[Opening Data section]

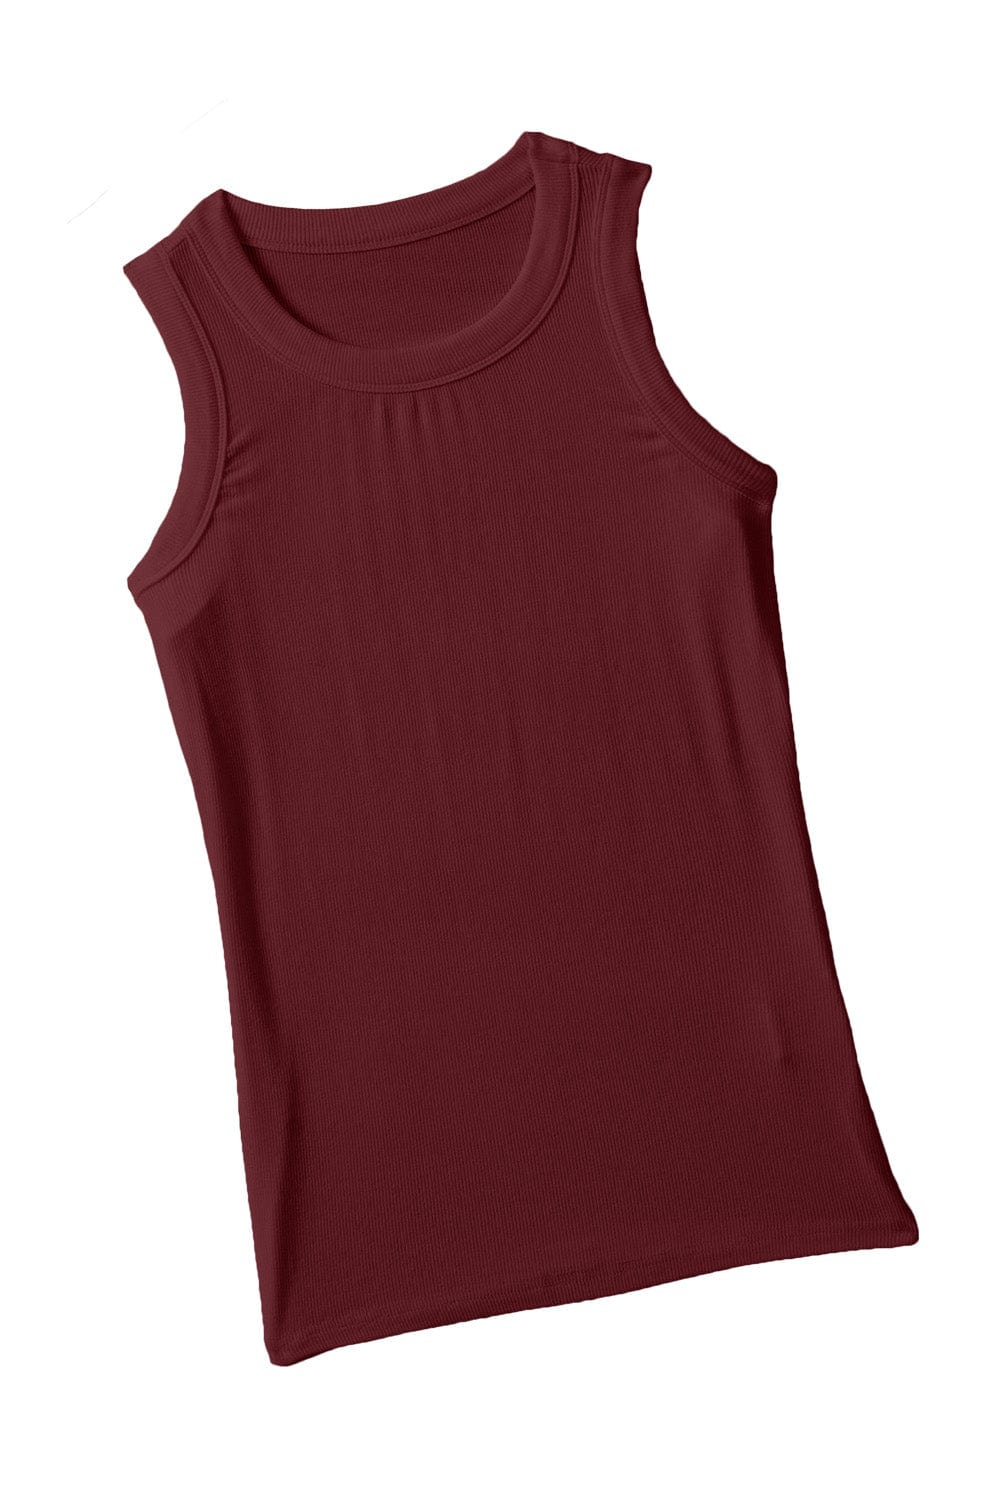 Solid Color Basic Ribbed Knit Slim Fit Tank Top - CLASSY CLOSET BOUTIQUE
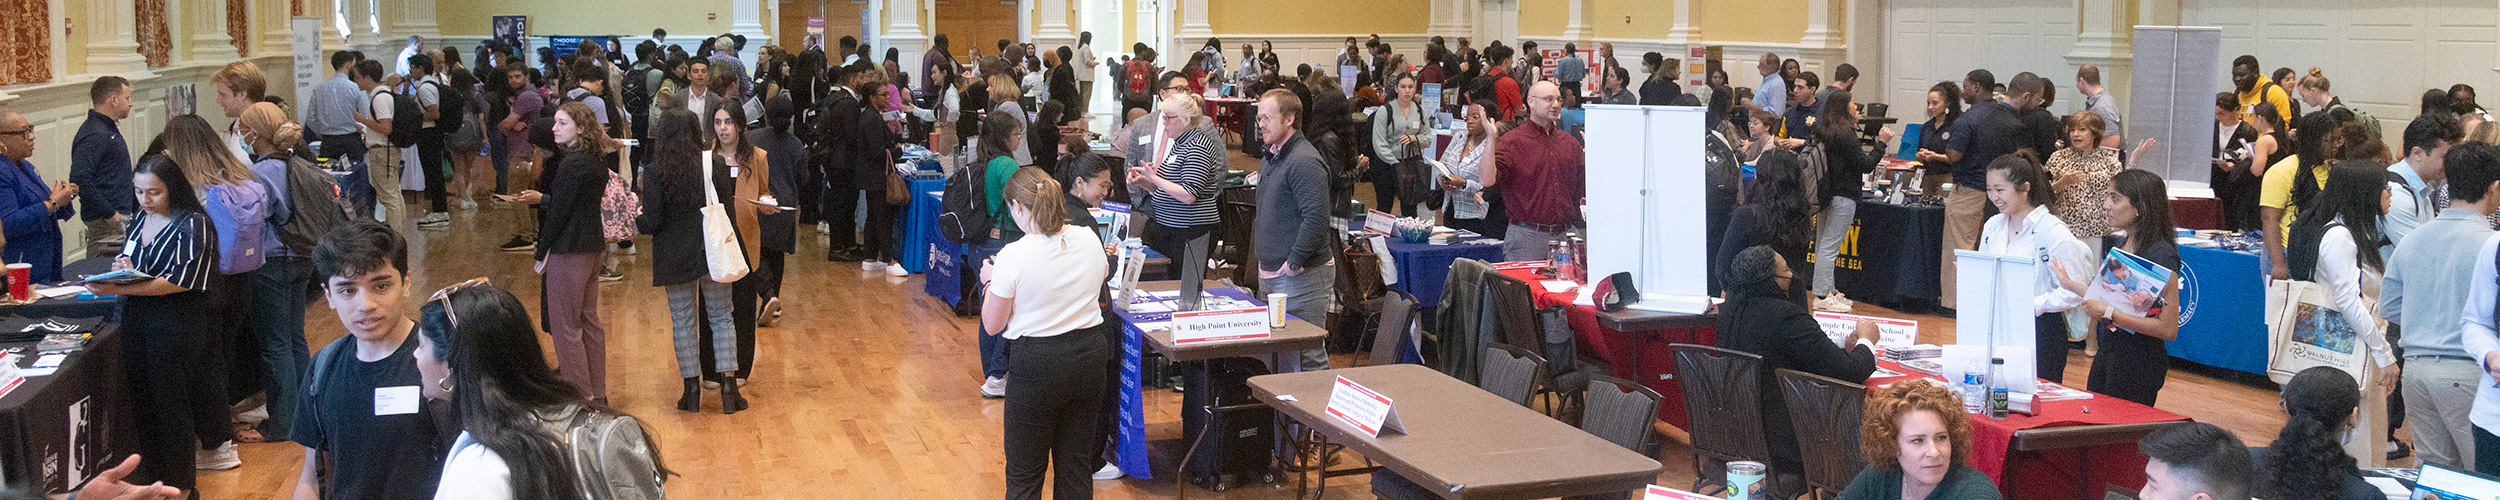 A large crowd of people, including students and representatives of many universities' medical schools, at the HPAO-hosted Health Professions Career Fair
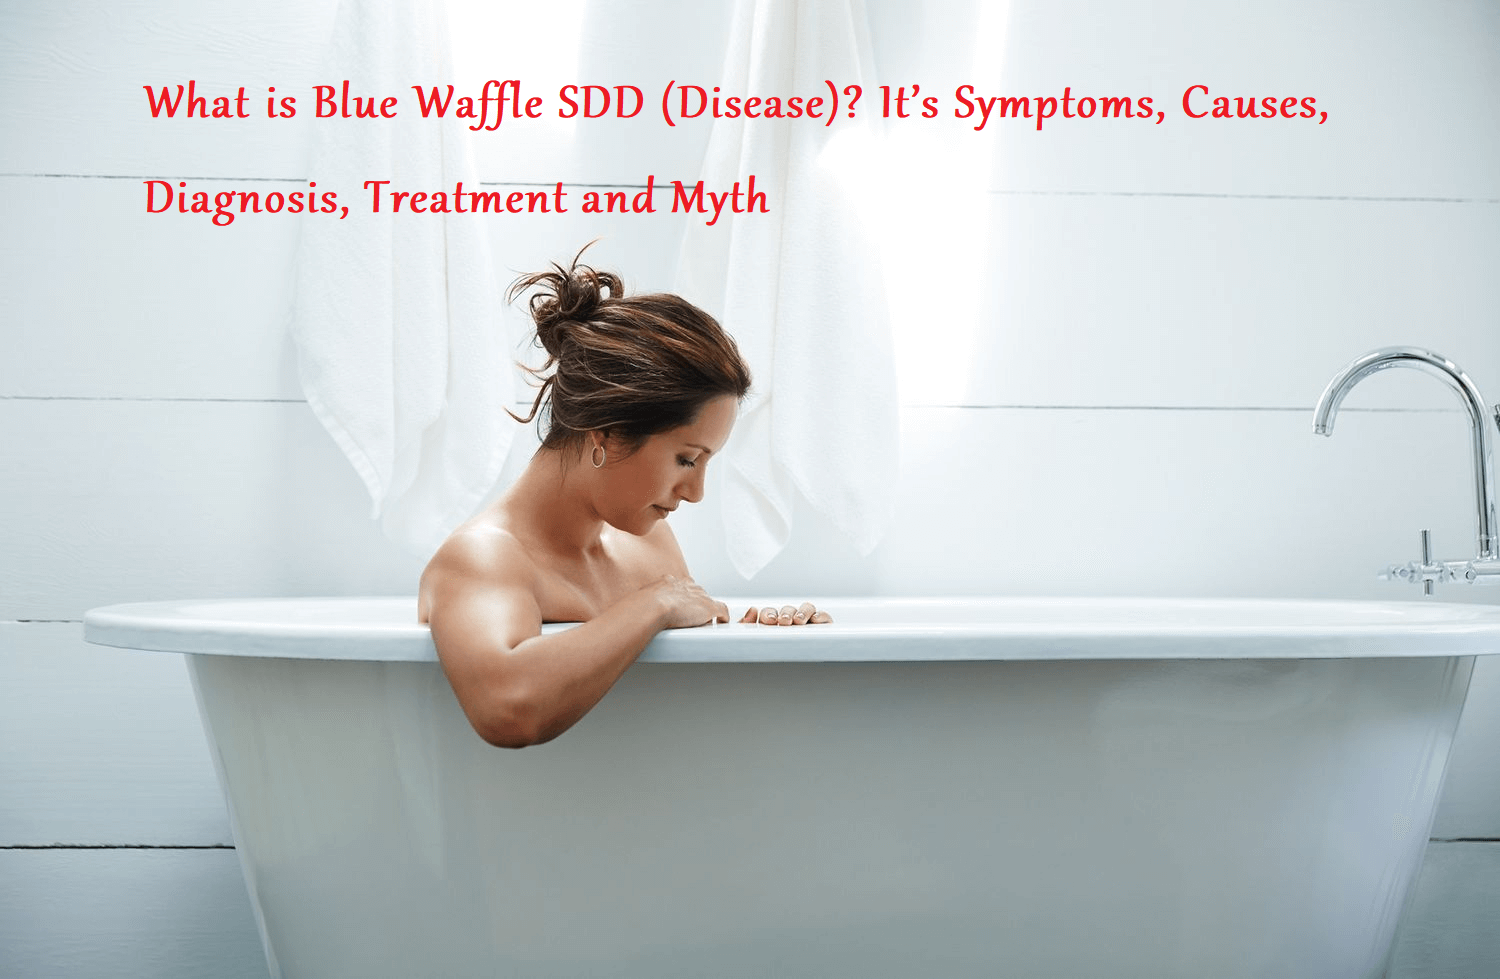 What is Blue Waffle SDD (Disease) It’s Symptoms, Causes, Diagnosis, Treatment and Myth

[Closing Data section]

- **What the exercise asks**: Leaving images out, please output every line of the data exactly.

- **Finished task**:
 Solid Color Basic Ribbed Knit Slim Fit Tank Top - CLASSY CLOSET BOUTIQUE
 A large crowd of people, including students and representatives of many universities' medical schools, at the HPAO-hosted Health Professions Career Fair
 What is Blue Waffle SDD (Disease) It’s Symptoms, Causes, Diagnosis, Treatment and Myth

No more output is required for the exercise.